I'm not sure if revealing who the insurgents are counts as a spoiler. It's treated as such in the film, you don't find out the true purpose of these shadowy forces until the middle of Act 2, but Netflix's clunky automatic previews play the very scene it's revealed. So let's compromise and say that Bushwick taps into a theoretical new American Civil War, one that is becoming less theoretical now as Trump continues to refuse concession.

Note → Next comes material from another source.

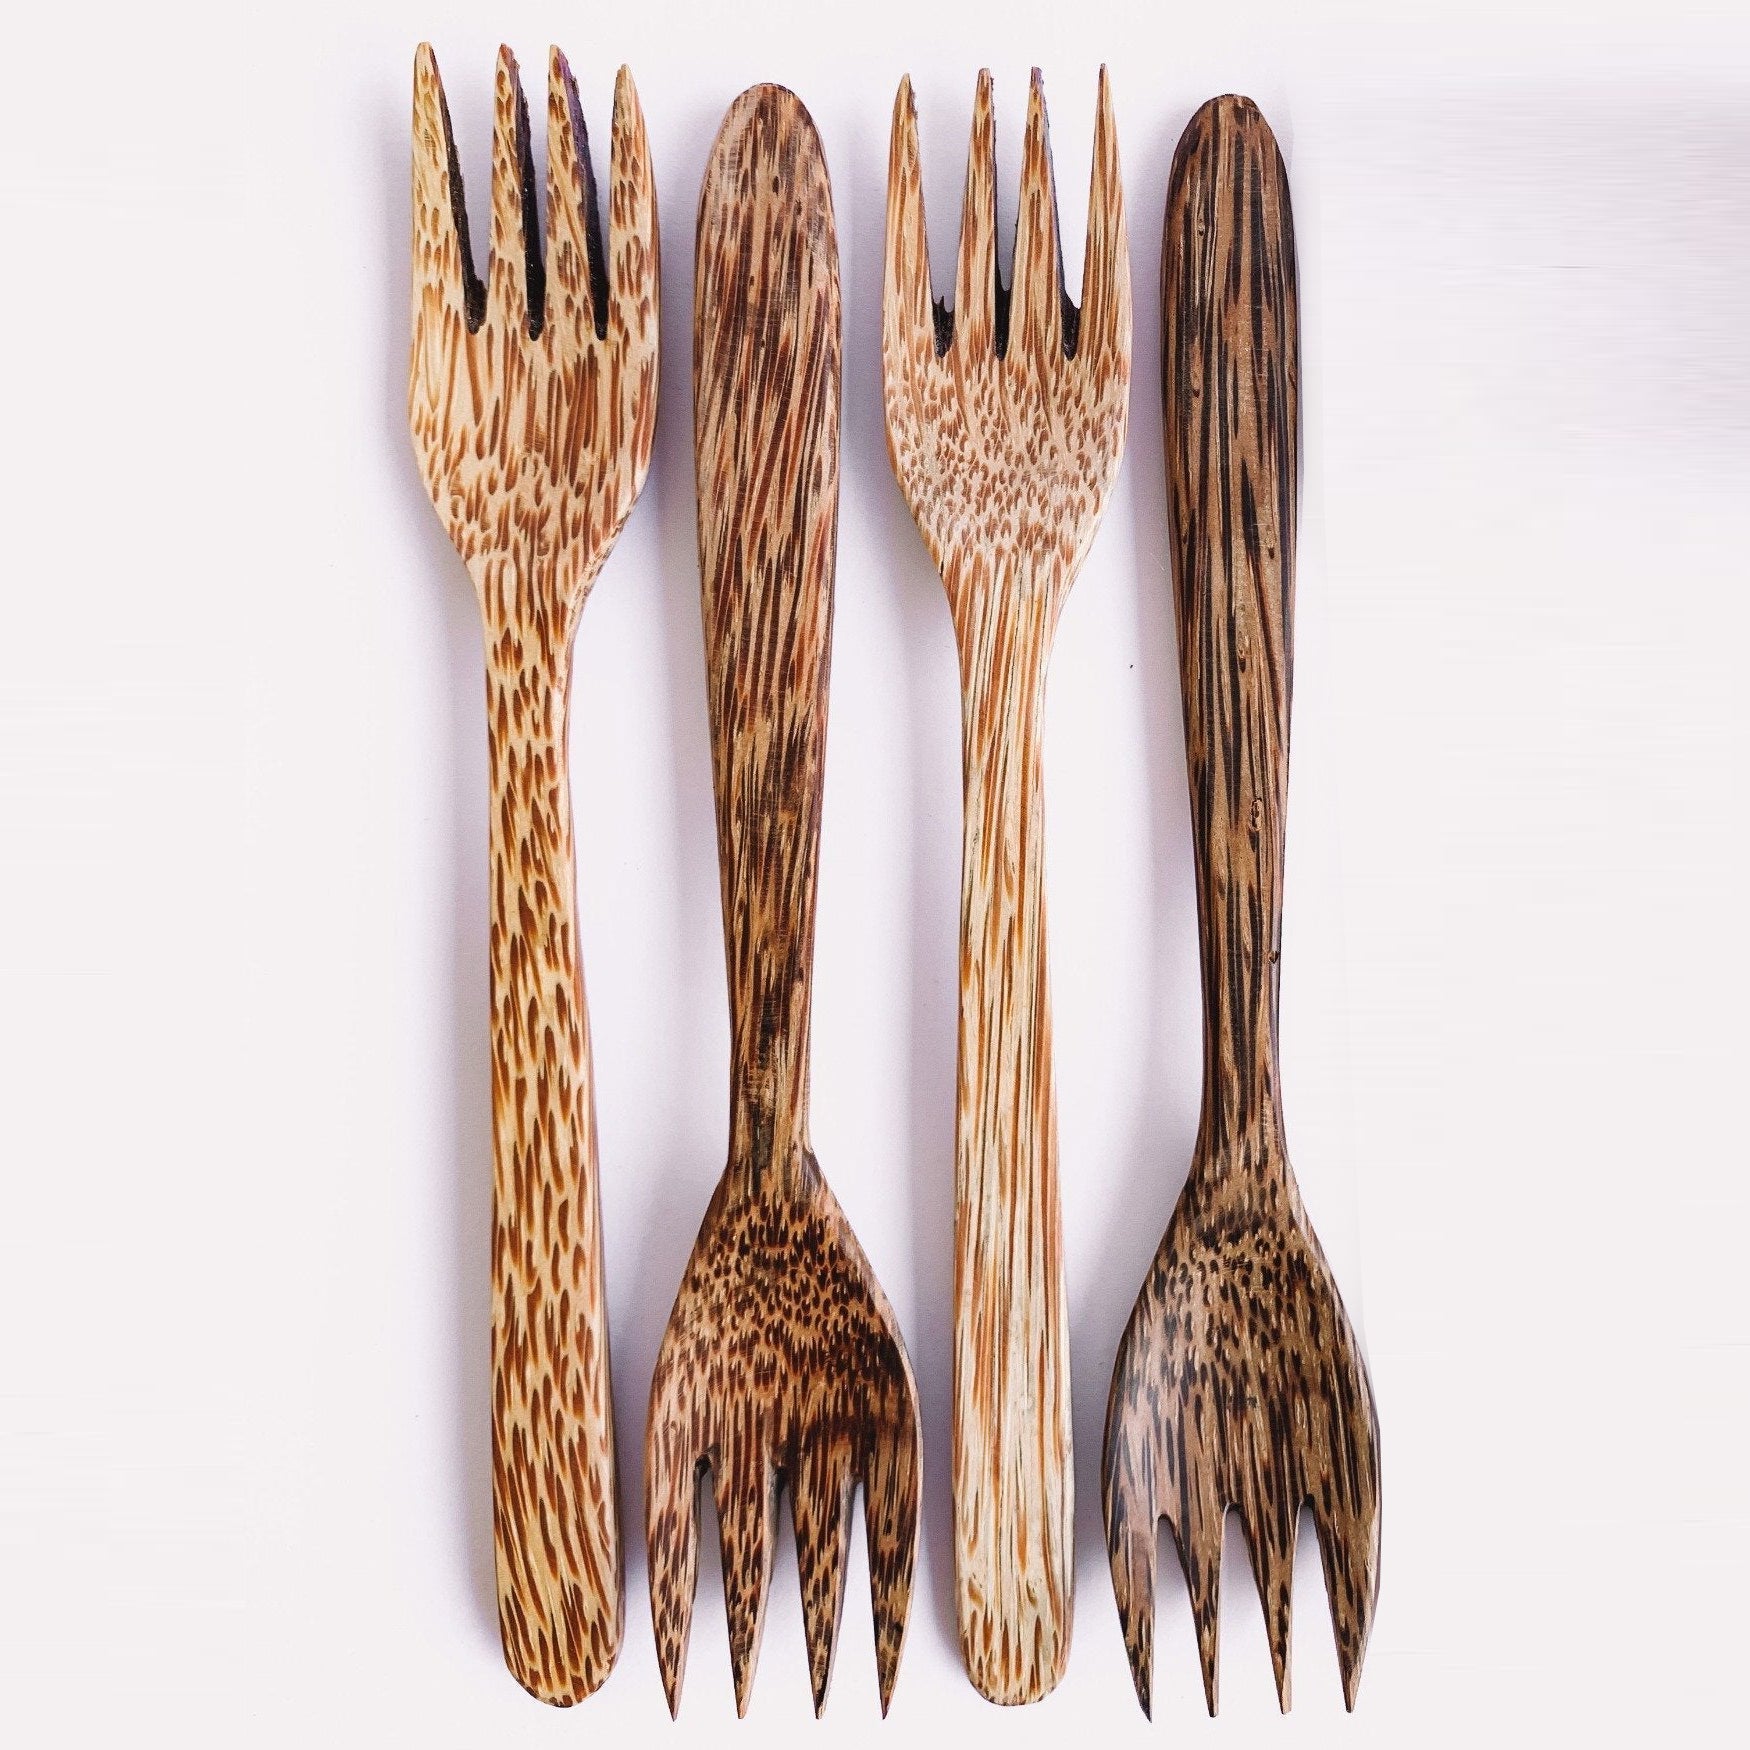 Coconut Forks | Biodegradable Cutlery

Bushwick is a smarter action movie than you think it is and dumber socio-political commentary than it wants to be. Milott and Murnion (along with cinematographer Lyle Vincent) know precisely how to put you — yes YOU, the viewer — into its characters' footsteps as it makes the most out of its "one-take" approach. (Edits are cleverly broken up by zoom-ins on stair steps, walls, and dark rooms. There is one instance of a cross-fade at the end of Act 2, which begins a new "take.")

XYZ Films

The film never forgets to shoot at eye-level. Through the camera, you always feel only as tall as the 5-foot-4 Snow, making the 6-foot-6 Bautista tower like an orcish giant. Bautista's wide shoulders take up so much onscreen real estate you often feel the need to look over his shoulders. This isn't a bug but a feature — his presence is a comfort, allowing you to believe that someone like Lucy, dwarfed by an oversized scarf when we meet her, has a fighting chance of making it alive.

While there's brains in Bushwick's filming, its political arguments are lacking. The movie's positions are obvious and lack subtlety, yet fall short of being meaningful. That the movie has a downer ending comes off more nihilistic than compelling. Again, it's hard without delving into spoilers as the film is keen to make its whole picture central to its dramatic tension. (Maybe don't watch the trailer.) But Bushwick makes it clear how left of center it falls on the blue/red spectrum, even if it flirts with a pro-gun narrative woven into the script.

Still, there's one bright spot, aside from Bautista's remarkable performance as an exposed bruise with a soul. In the film, Brooklyn is deemed "soft" by the villains for its "ethno-diversity," a delicious angle that should ding the scriptwriters if the real world didn't constantly underestimate the ballsiness of New Yorkers, the city's unity, and its willingness to fight.

In the end, Bushwick paints an ideal portrait of New York even when it is ugly, raw, and violent for the vast majority of its running time. There's a division in the city; no one believes a photogenic white girl like Lucy is native to the neighborhood, nor is there any sense of unity when bodega shop owners are knifed over candy. And if it weren't for Bautista, a half-Filipino actor, Bushwick would be uncomfortable given its antagonistic depiction of most people of color (at least before the true villains are revealed).

The movie doesn't properly earn its united front in the climax, when the diversity of the borough charges forward and takes cover behind playground slides and tree trunks. But maybe the movie doesn't have to because we know that New York always will.

Bushwick is streaming now on Netflix until November 23.